The final thing to say, and this is that most insulting thing I mentioned before, is to write. Yes. Write.
But I take that back: To tell a writer to write is like telling most of us to breathe. There is no reason to do so. If you have to give advice to writers and one of the things you say is “Write” then you’re not giving advice to writers. You’re giving advice to people who are looking for ways to make money (yeah , right!), are bored, etc. I have no idea why anyone would willingly want to write. I would not wish this on anyone.

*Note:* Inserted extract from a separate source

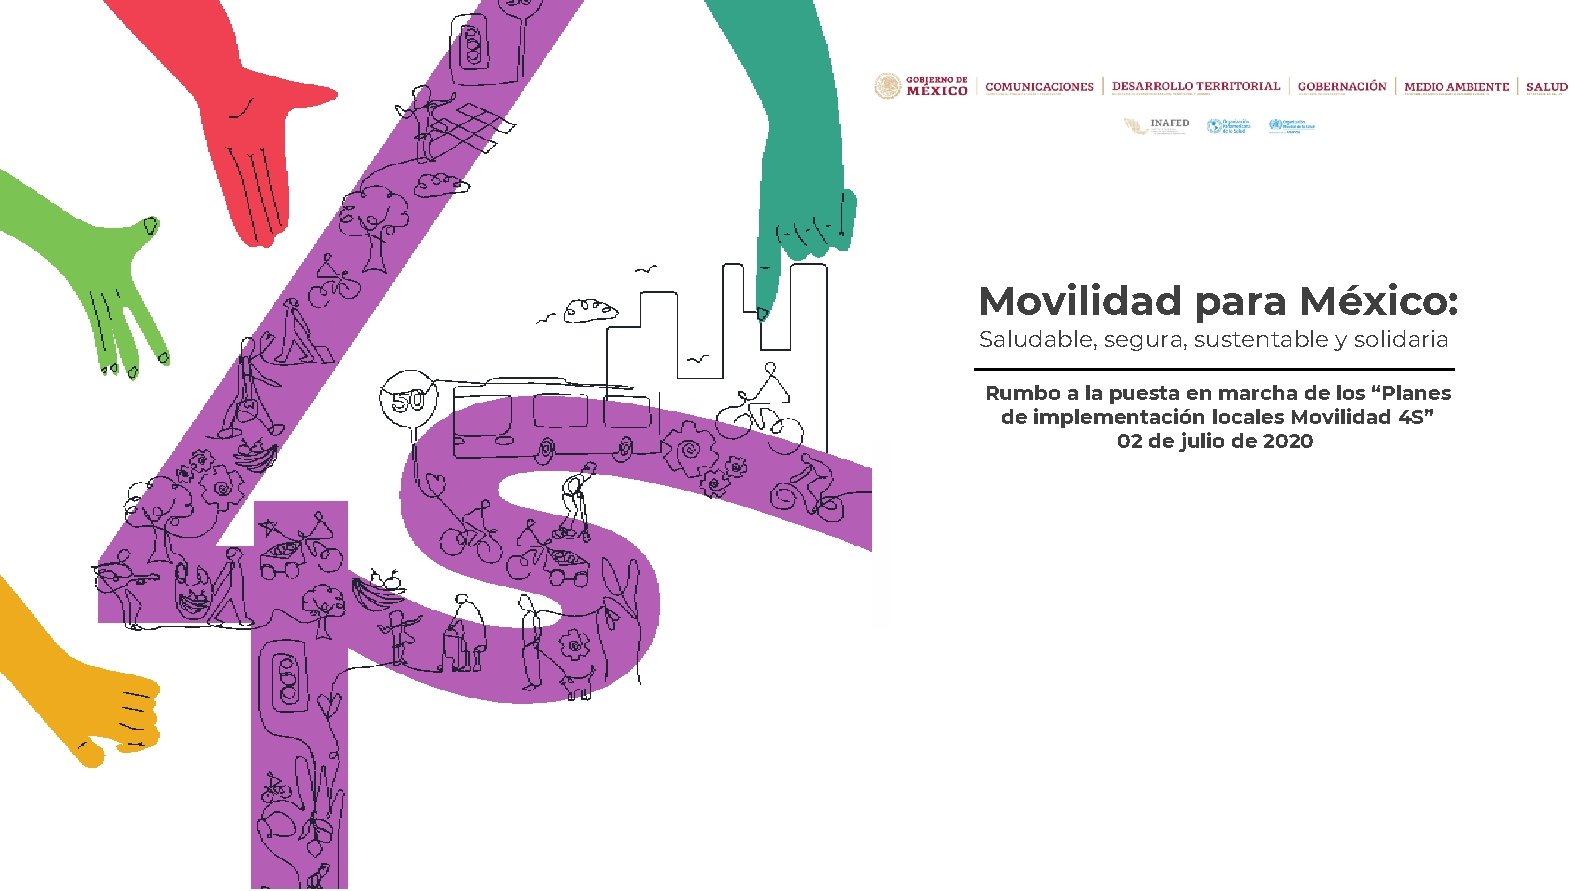 Movilidad para México: Saludable, segura, sustentable y solidaria Rumbo a la puesta en marcha

I don’t want to write these stories; I have to. I can’t do anything else. I need to get these out, to tell my tales, to anyone who cares even a little bit. I feel as though these places are living in my head; I see characters I’ve created perform actions in situations I’ve never imagined. Then I write it down and realise this is the next chapter or scene or page of the book/novel/comic. It’s constant. It doesn’t go away. It never leaves. It claws at my skull like a grey creature sucking serenity from the world. It never leaves me alone. The only way to silence this grey bastard is to occasionally put black ink, in squiggly letters, one after the other. For a while, others suck up his marrow, but then he wants more.
Whether there exist such mad people who want to hear my stories is another question for, um, another day.
But to reiterate: If you are giving advice and you’re telling someone to write, you’ve either insulted your audience or are giving advice to the wrong people.
That’s it for now. I go back to join my grey bastard, as he squeals at me to finish this story about a god with a broken face, who digs in a desert, looking for the rest of his bronze body (And as he digs, he makes a new world, filled with sand people).
I’m not mad, he said. I’m a (unpublished) writer.